Afghan refugee Siam Pasarli finds life in America bittersweet. In Chicago, he owns an employment business and feels safe from Taliban retaliation.
Yet, despite risking his life to support the American mission in Afghanistan, he now feels America has turned his back on him and his family. He hasn’t seen his wife and two young children for more than two years and says their separation feels like “mental torture” for all of them.
Like most displaced persons, Passarli resettled in the US under a temporary status called humanitarian parole. This protects her from deportation and allows her to work – but it does not give her a path to permanent status, making it impossible for the time being to sponsor her relatives.
Once a spokesman for the US-backed Afghan Chamber of Commerce, he says he was a prime target of the Taliban – and lost many of his allies.
Passerly recalls, “I was afraid of my shadow. I couldn’t trust anybody.” He said the Taliban killed several of his friends by planting bombs under their cars.
In the chaotic days after the fall of Kabul two years ago, it took Passerly five days to get through the crowds to the airport.
Along with thousands of fellow Afghan colleagues, he was eventually moved to Bahrain and then to US bases in Wisconsin before resettling in Chicago and opening his staffing business, where he aims to connect employers with fellow refugees.

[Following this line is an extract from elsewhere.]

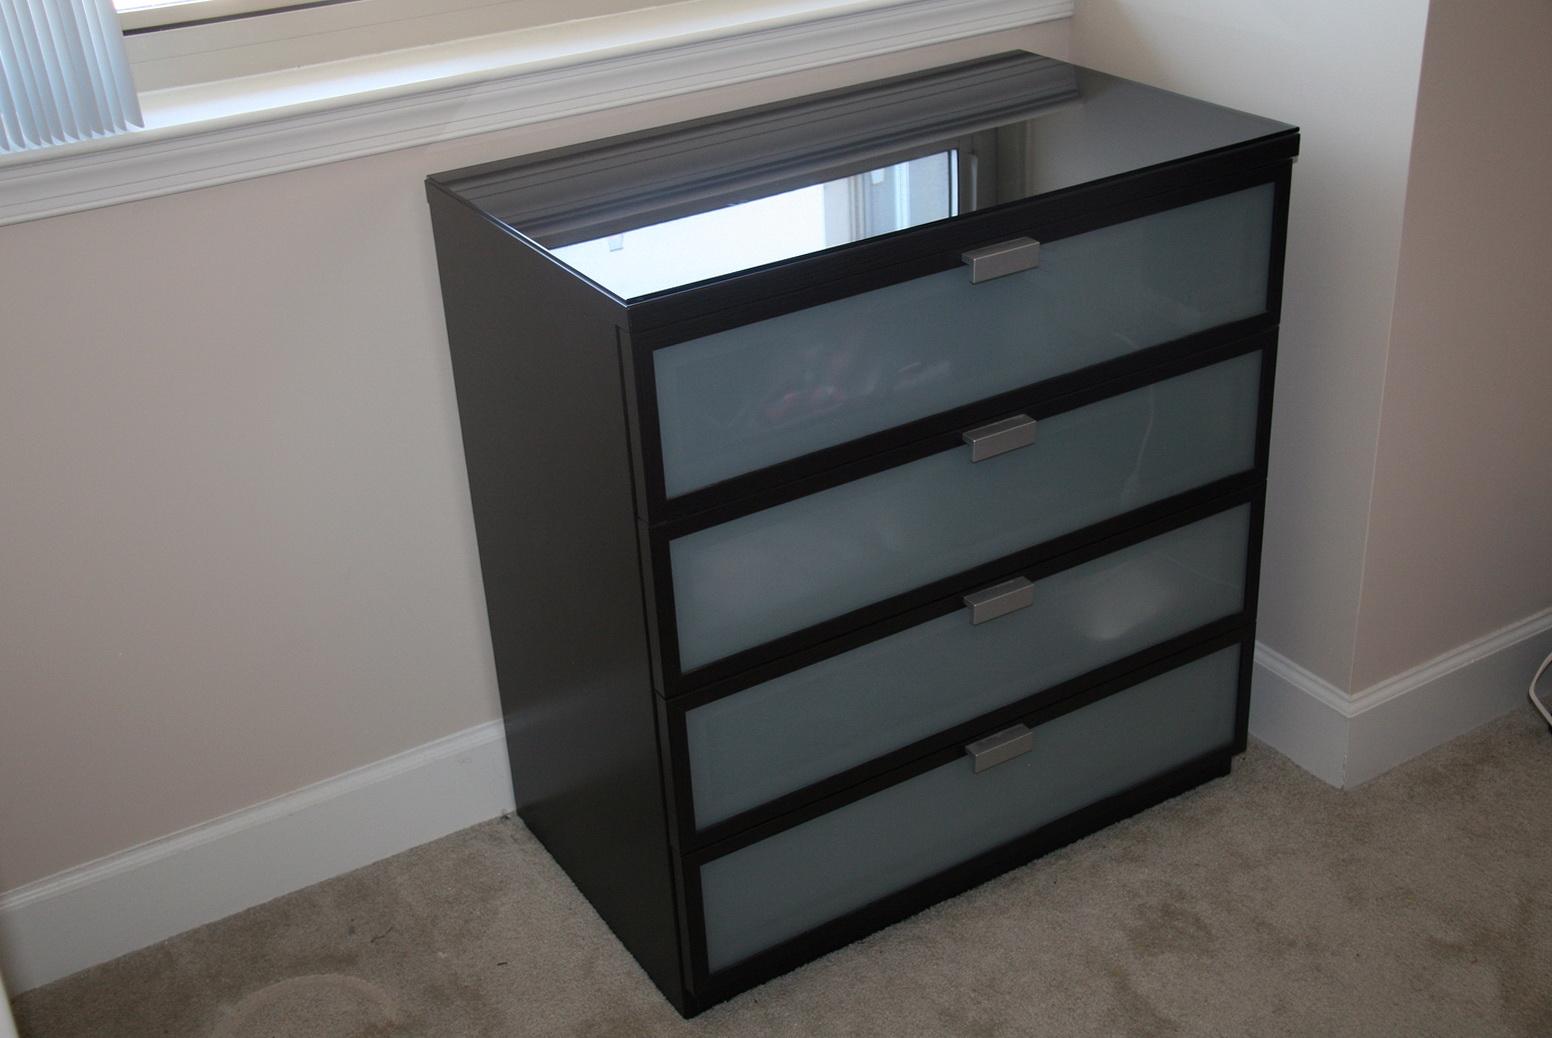 Ikea Hopen Dresser Review

a few blocks away, also in Chicago, is located Muslim Women’s Resource CenterWhich supports hundreds of Afghan refugees with job training and asylum cases.
Like Passerly, many of them have been separated from their loved ones. “They want to know when their husbands are coming, or when their 4- or 5-year-old children who have been left alone in Afghanistan are coming,” said Sima Qureshi, the center’s executive director.

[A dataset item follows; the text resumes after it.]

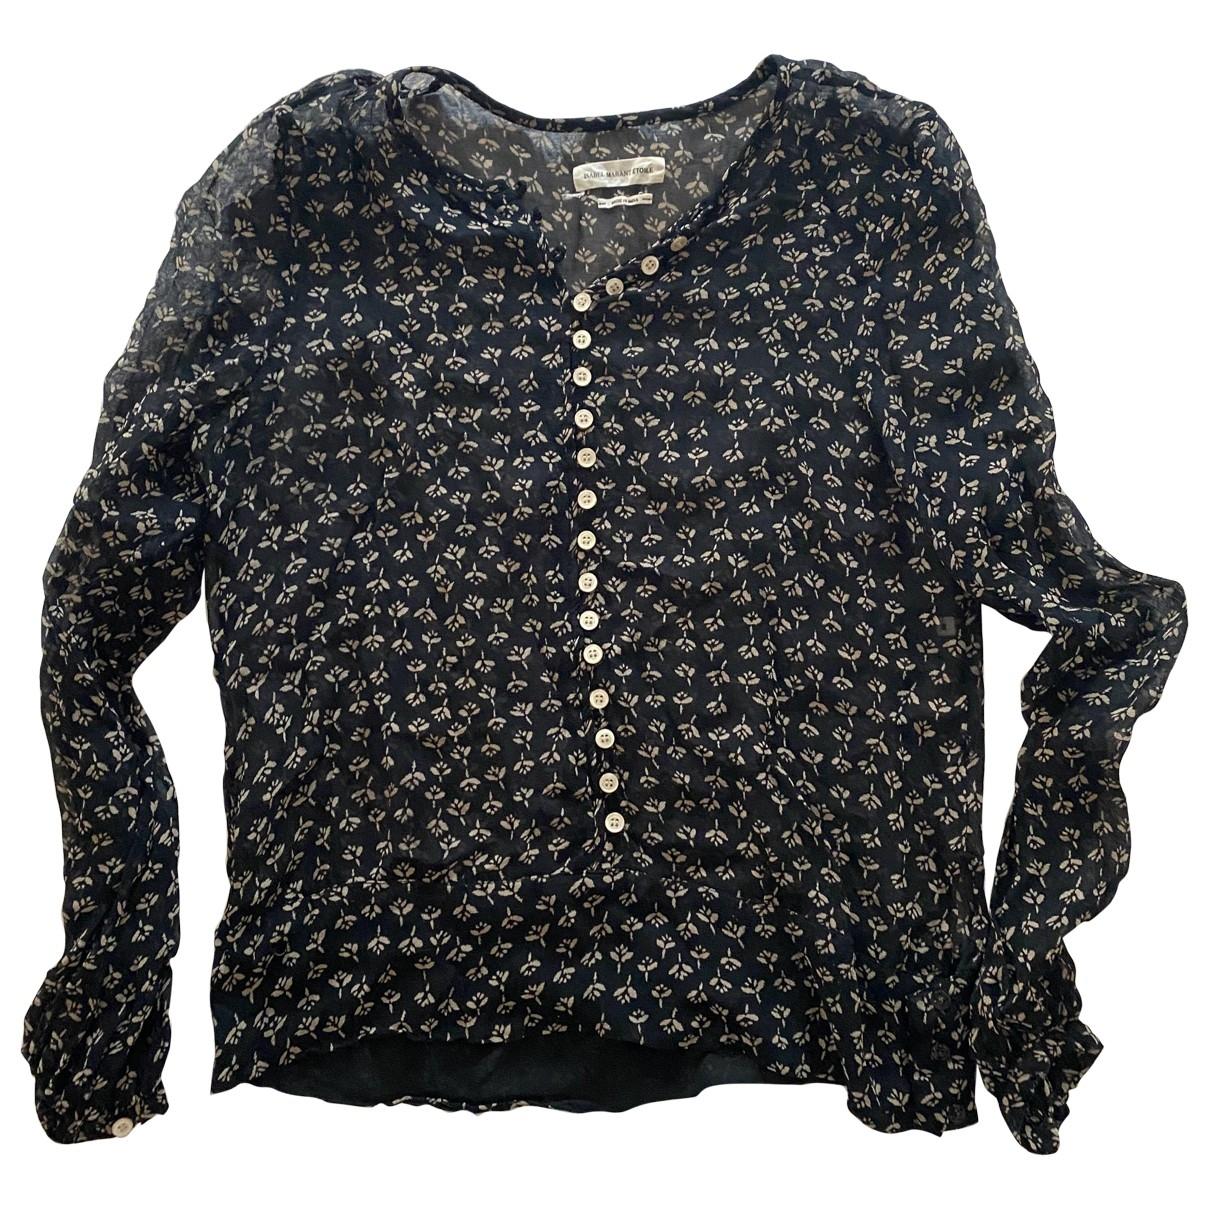 Isabel Marant Etoile \N Black  top for Women 38 FR

Qureshi says that of the roughly 2,000 evacuees supported by his center, not even 20 have received green cards. She urges Congress to pass it Afghan Adjustment Act Legalizing the people hanging in the balance.
“This is the most important thing for the Afghan community, because they really want a piece of mind,” he said.

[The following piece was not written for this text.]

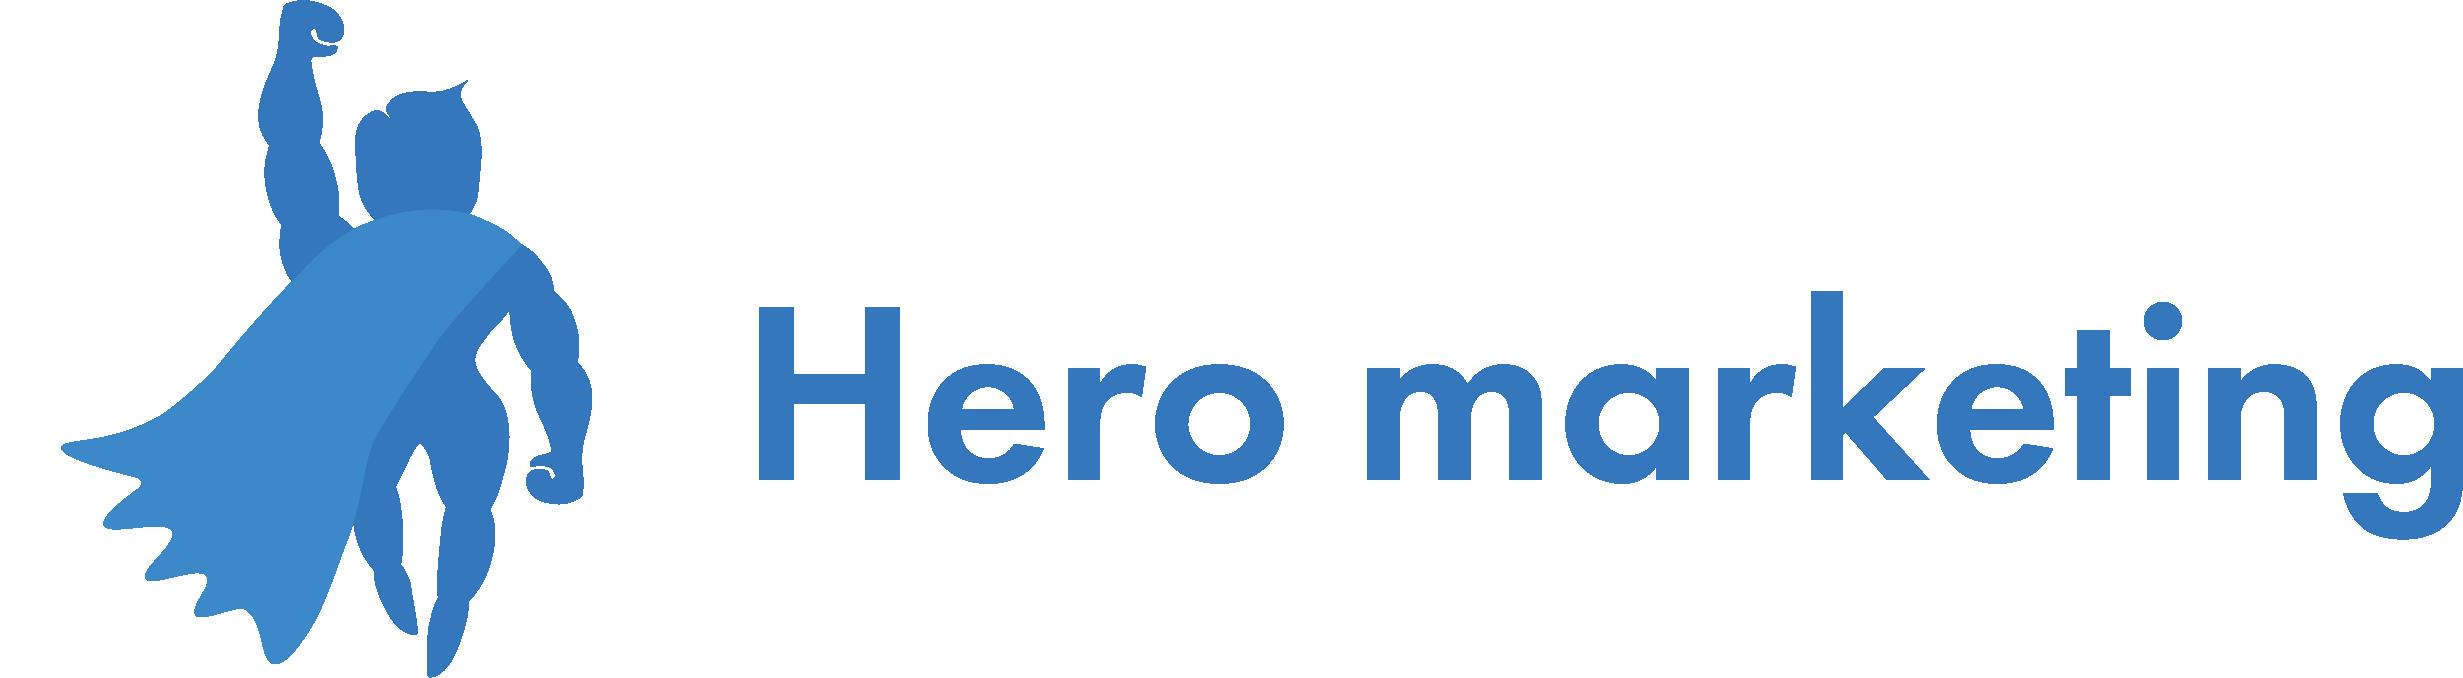 Hero marketing株式会社

In a statement on the two-year anniversary of the US withdrawal, Homeland Security Secretary Alejandro Mayorkas said the Biden administration is “committed to ensuring the safety, security and well-being of newcomers to Afghanistan” and that “our allies deserve the certainty and stability, which only Congress can guarantee through legislation.”
As for Passarli, he arranged for at least his wife and children to move to Germany.
But their extended family is still stuck in Afghanistan – and feel guilty for being so far away.
He said, “I can’t see my country in this condition. It hurts me. It’s painful. I couldn’t say goodbye to my father, my mother.”